¿Tenis? ¿Quién guarda unos desgastados y malolientes tenis de baloncesto?
Un momento, esos tenis son de… Un fuerte recuerdo invade tu memoria… Estás debajo de una cama, escondido, conteniendo la risa y tu emoción casi desbordada delata alguna broma que estás a punto de hacer, se abre la puerta y lo único que observas son un par de tenis blancos con franjas rojas que se detienen a escasos centímetros de tu cara… Es tu tío que ha regresado de su entrenamiento…
Espántalo, espántaaaaalo EEEEESSSSSPPPANNNNTTTAAAAALOOO !!!! GGGGRRRRR AAAAAAAAHHHHHHHHHH!!!!! Gritas mientras sujetas firmemente su pie.
Una voz sin mucha emoción y en tono casi de burla responde:
– ¡¡¡Ayyyy!!! !!!Un monstruooooo debaaajooo de mi camaaaaa!!!

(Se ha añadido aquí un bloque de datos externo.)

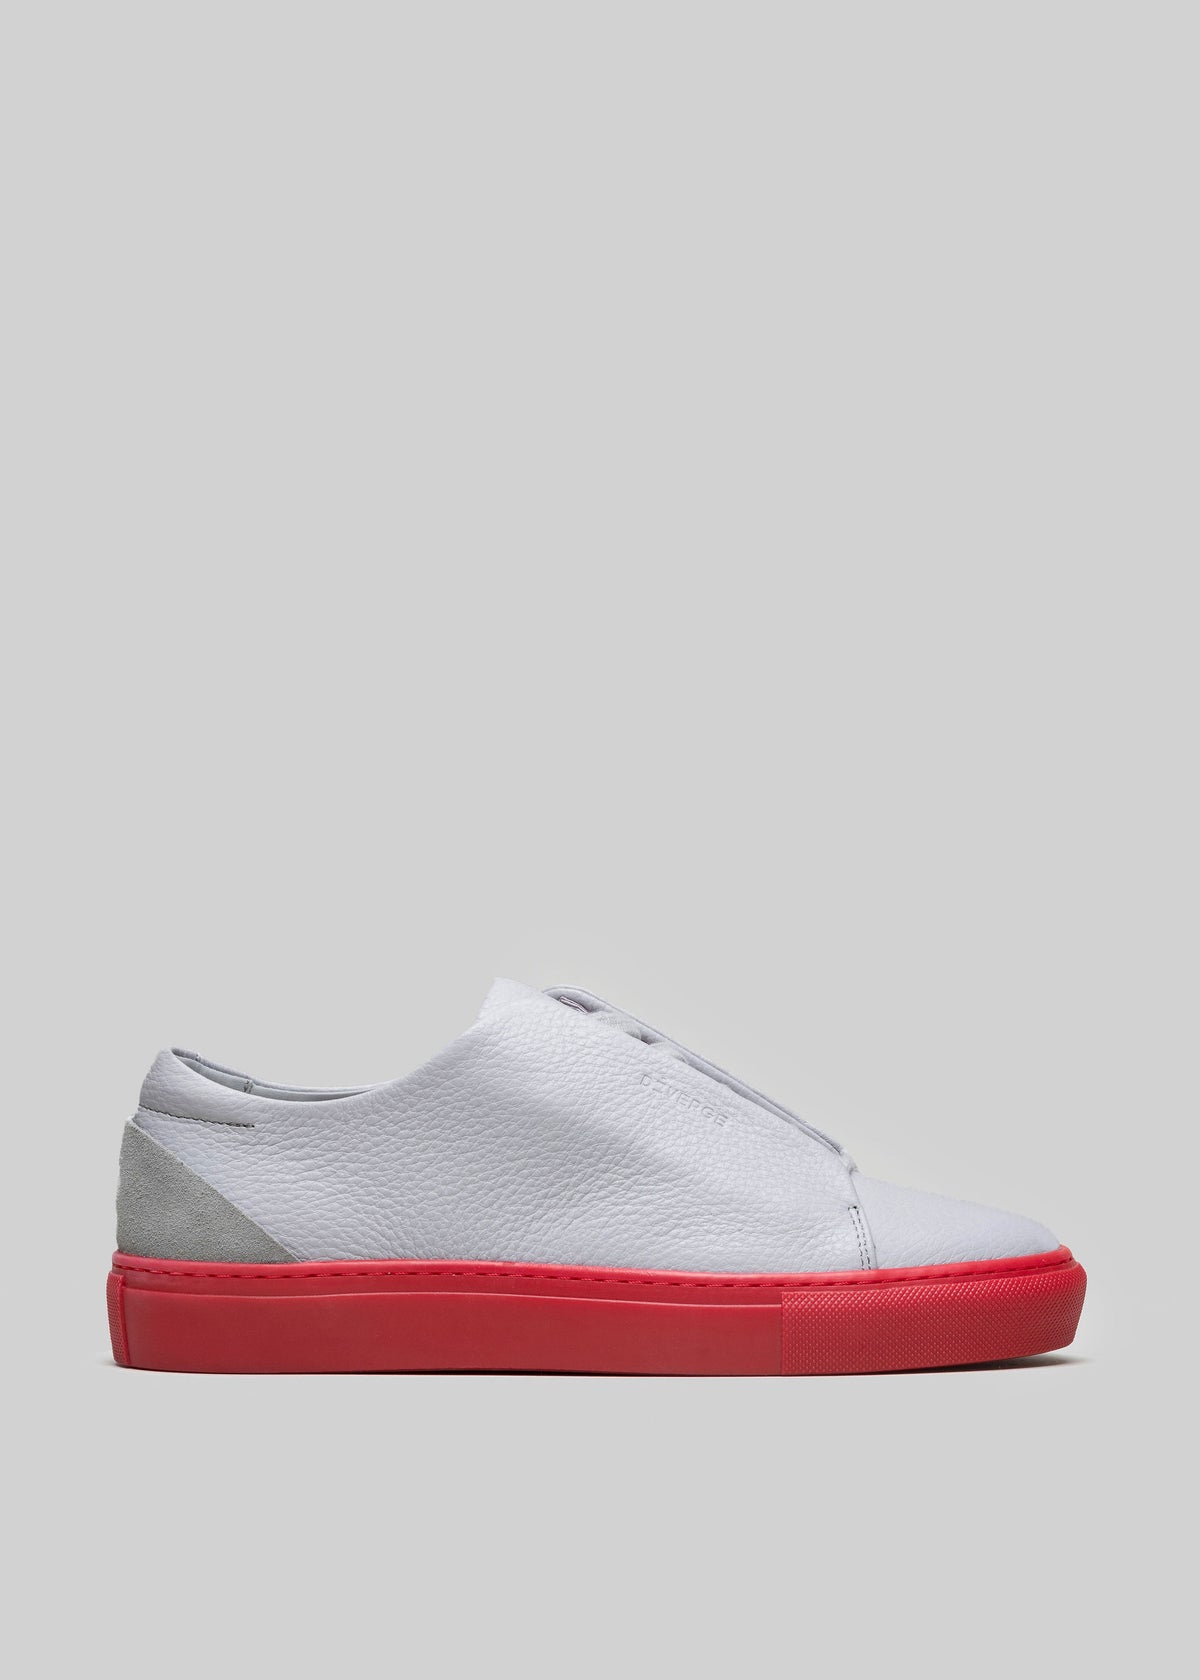 graues und rotes Premium-Leder niedrig sneakers in cleanem Design Seitenansicht

– ¡¡¡GGGGGRRRRR AAAAAHHHHH!!!
– ¡¡¡Ayudaaaaa¡!!! ¡¡¡Alguien ayúdenmeeee, voy a morir!!!
– No tío, soy yo, ¡tu sobrino!
– ¡¡¡Ufff que susto me lleve!!! ¿Quieres ir al parque? Necesito seguir entrenando y mejorar mi técnica de tiro libre.
– Yo quiero mejorar mi técnica de balanceo y llegar más alto en el columpio.
Las tardes en el parque son los recuerdos más marcados de tu infancia, era todo un pequeño mundo para ti donde podías divertirte sin preocuparte de nada, salvo el momento en el que el sol dejaba de estar en el firmamento y el tono gris azulado del crepúsculo indicaba que había que regresar a casa.
– ¿Por qué entrenas tanto tío?
– Quiero ser el mejor basquetbolista de México y poder jugar en la NBA, nunca ha habido un mexicano que nos ponga en alto con los mejores del mundo y yo quiero ser el primero.
– Yo quiero poder dar una vuelta completa en el columpio, como lo hacen los trapecistas del circo al que fuimos, nunca he visto a ningún niño que haga eso, todos llegan nada más a la mitad del recorrido y quiero ser el primero.
La mirada de mi tío en ese momento paso de una determinación inquebrantable, a una que asomaba una ligera duda sobre lo que queríamos de la vida, ¿qué era más loco y absurdo, que yo diera una vuelta completa en el columpio o el ser uno de los mejores jugadores de la NBA?.
Ese día algo cambio en él y poco a poco dejo de entrenar con la misma obstinación y empeño, ahora jugaba baloncesto para divertirse con sus amigos. Una lesión en el tobillo lo alejo completamente de la cancha un año después de esa plática.
Pensó que tenía que ser el mejor del mundo para poder vivir su pasión, cuando lo único que requería hacer era disfrutar lo que hacía.
Por mi parte, mis deseos de dar una vuelta completa en el columpio como si fuera Tito Gaona, se esfumaron una bella tarde de abril, cuando el sudor de mis manos me impidió sostenerme firmemente del columpio y la física hizo su trabajo… Romper la seguridad del movimiento pendular y escupirme del columpio a la mitad del giro y a la mayor velocidad posible, dejando ahora mi pequeña humanidad a merced de una trayectoria parabólica que apuntaba directamente a unos abundantes arbustos.